TASK OBJECTIVE: Reproduce the listing that follows word for word, without its pictures.

DATA SHOWN:
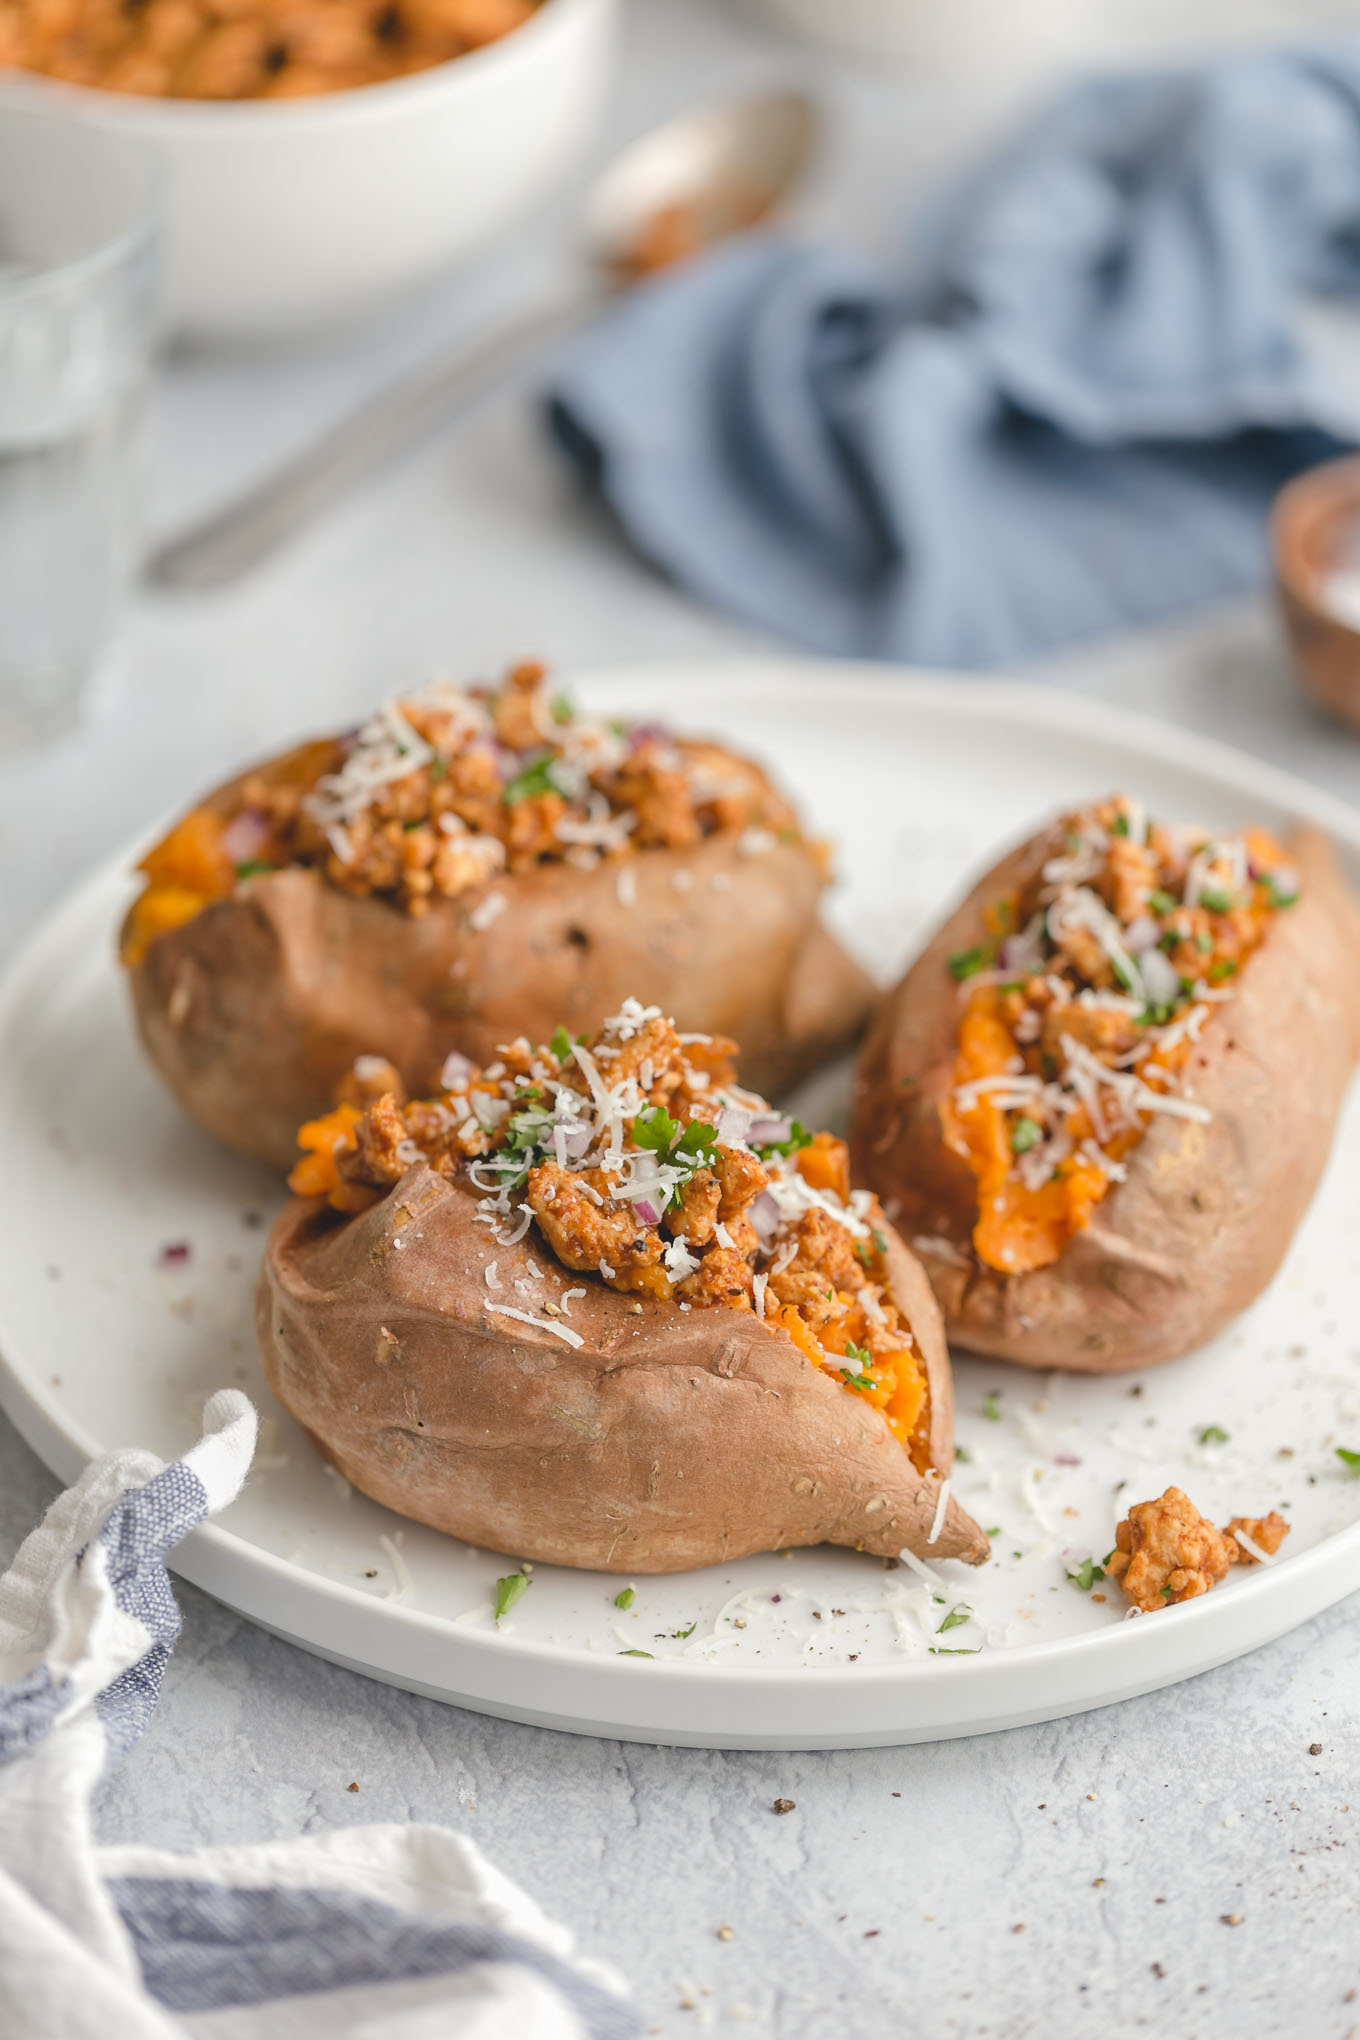 Healthy Stuffed Sweet Potatoes with Ground Turkey Taco Meat
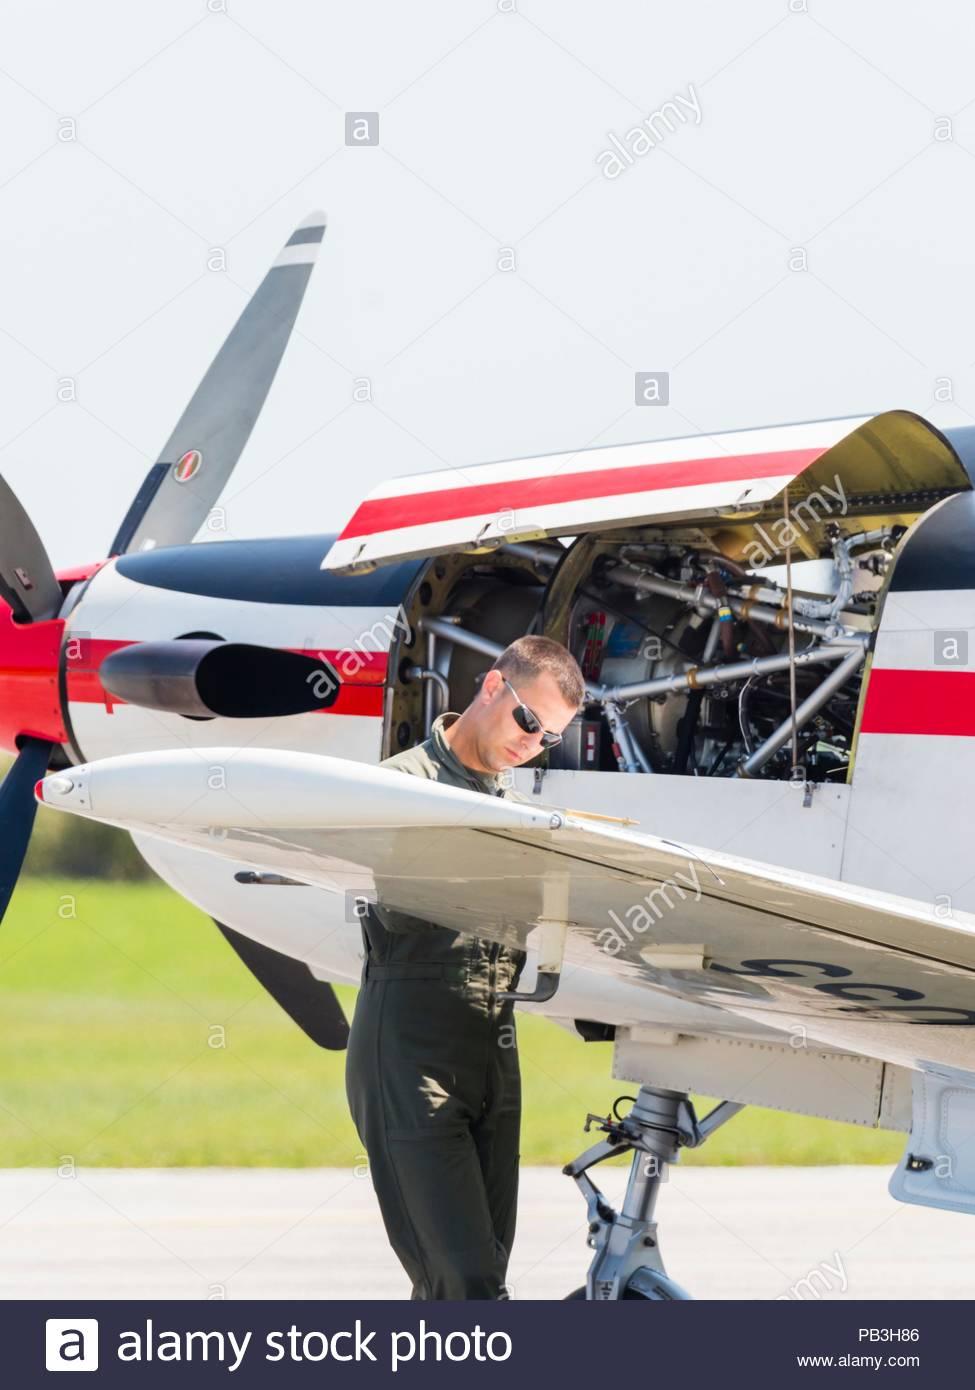 Krila oluje aerobatic group from CroatiaStock Photo
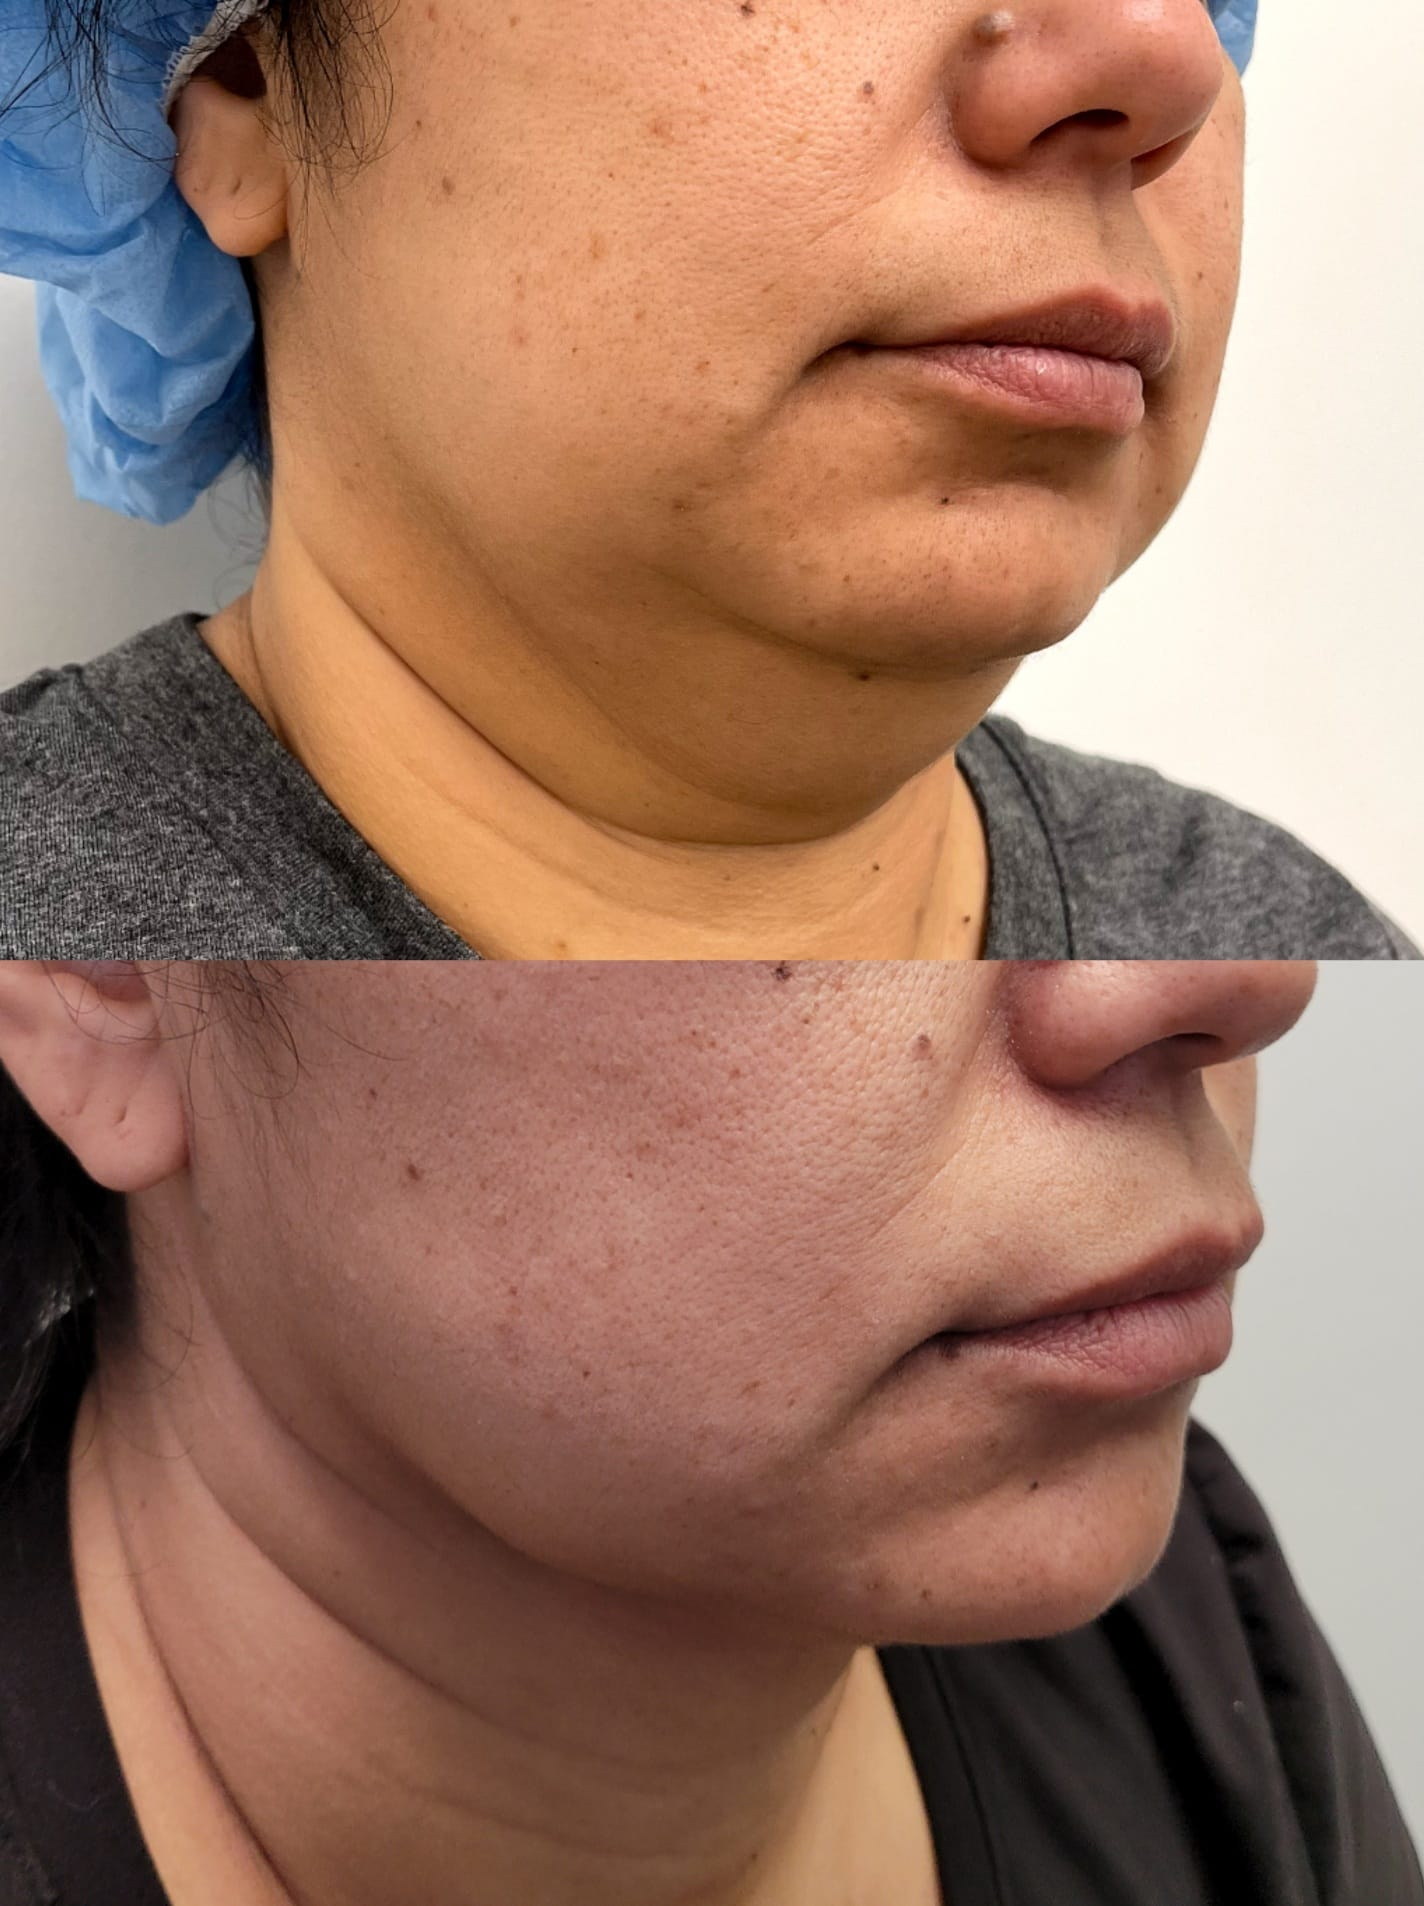 liposuction top treatment surgery in Oxnard

WRITTEN RESPONSE:
 Healthy Stuffed Sweet Potatoes with Ground Turkey Taco Meat
 Krila oluje aerobatic group from CroatiaStock Photo
 liposuction top treatment surgery in Oxnard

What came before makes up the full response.